The FBI also waited until November to talk to anyone who had worked with Mr. Steele during his tenure at Britain’s MI6—after the FBI had fired him for talking to the press. Only then did it learn that former colleagues believed Mr. Steele was prone to “rash judgments” and had a “lack of self awareness.” It didn’t bother talking to his primary source until January 2017, when it discovered that much of the reporting Mr. Steele provided was gossip.
The IG confirms that the FBI also made no effort to “determine who was financing Steele’s election related research.” Mr. Steele told the IG he knew who his paymasters were by late July, and Justice official Bruce Ohr told Congress that he warned FBI officials in August that Mr. Steele was hired by somebody “related to the Clinton campaign.” A team of FBI officials interviewed Mr. Steele in early October. Nobody asked about his employer.
Nor did they ask if Mr.
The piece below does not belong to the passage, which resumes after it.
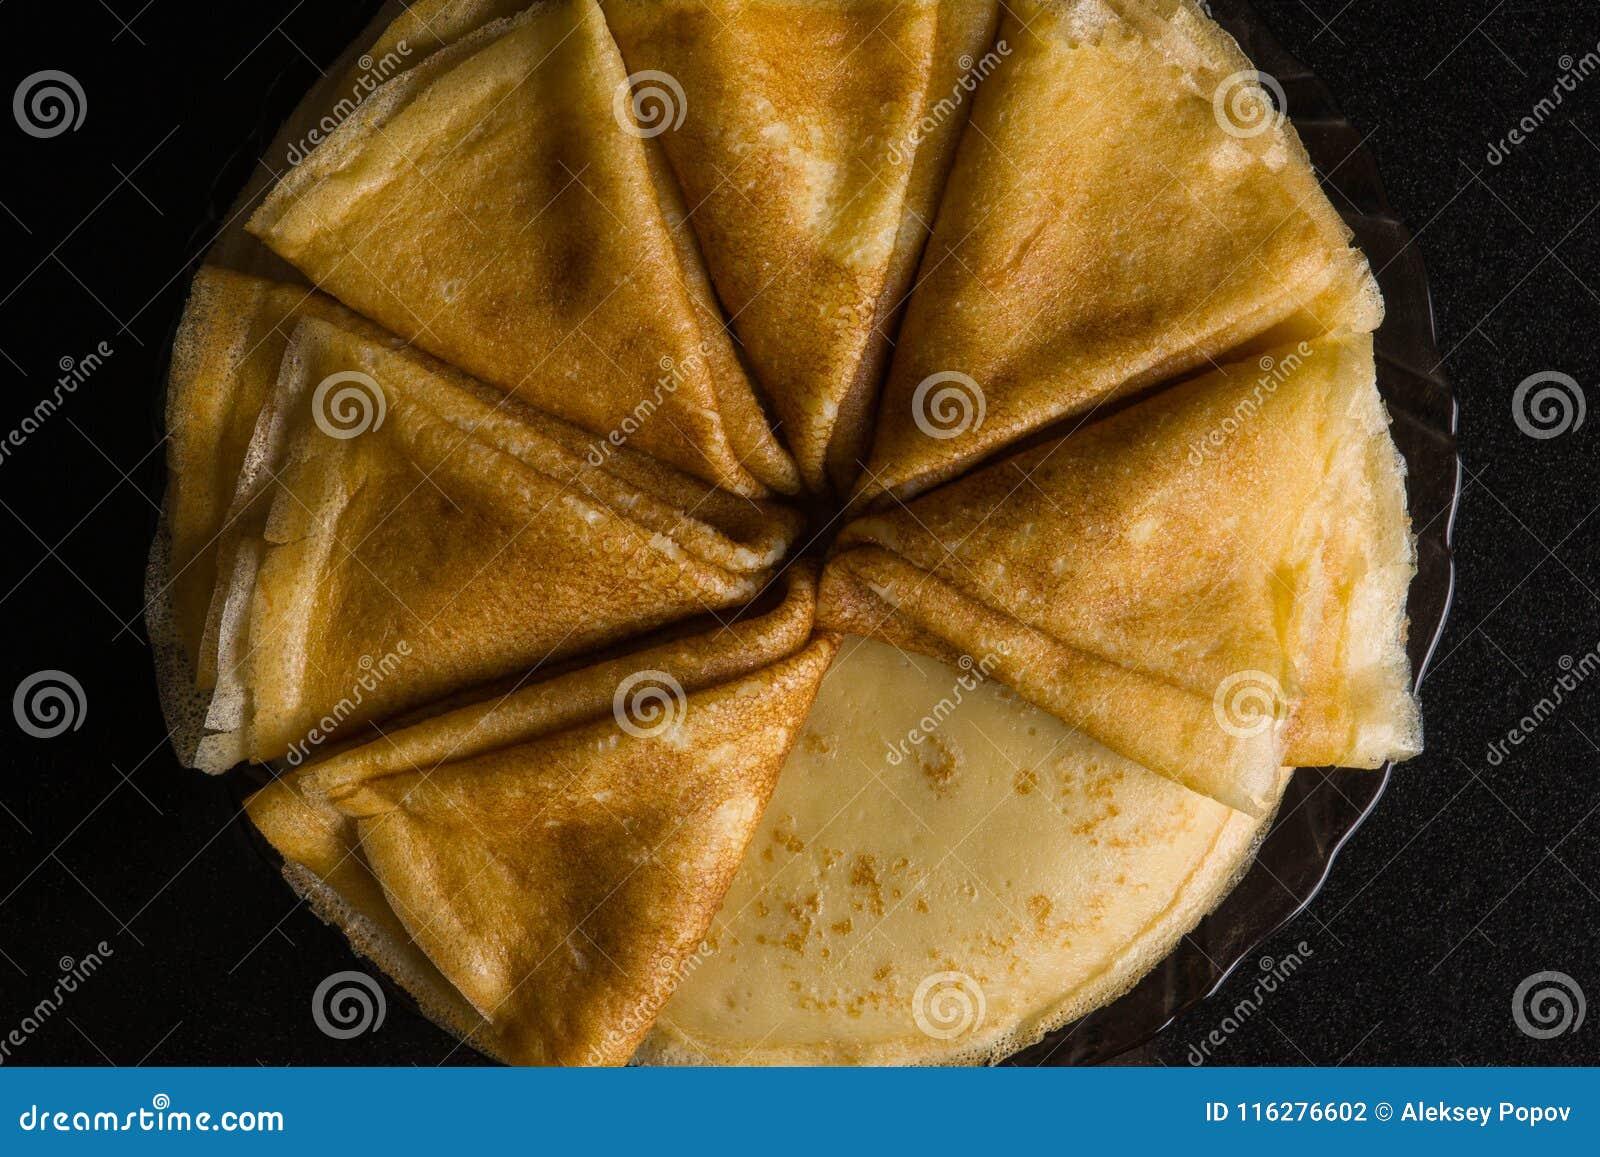 Pfannkuchen Dünne Pfannkuchen Russisches bliny maslenitsa, Blini, Frühstück, Krepp, Honig, Gebäck, Stapel, Pfannkuchen, Russe, Hi

Steele had been the source of a Sept. 23, 2016 Yahoo News article that revealed the FBI was looking into Trump-Russia collusion. Various case agents at the time of publication expressed alarm that Mr. Steele was talking to the press (he was), and a draft version of the FISA application fingered him as the leaker. But the IG says nobody at the October meeting asked Mr. Steele if he talked to the press. The final FISA application incorrectly asserted to the court that Mr. Steele had not.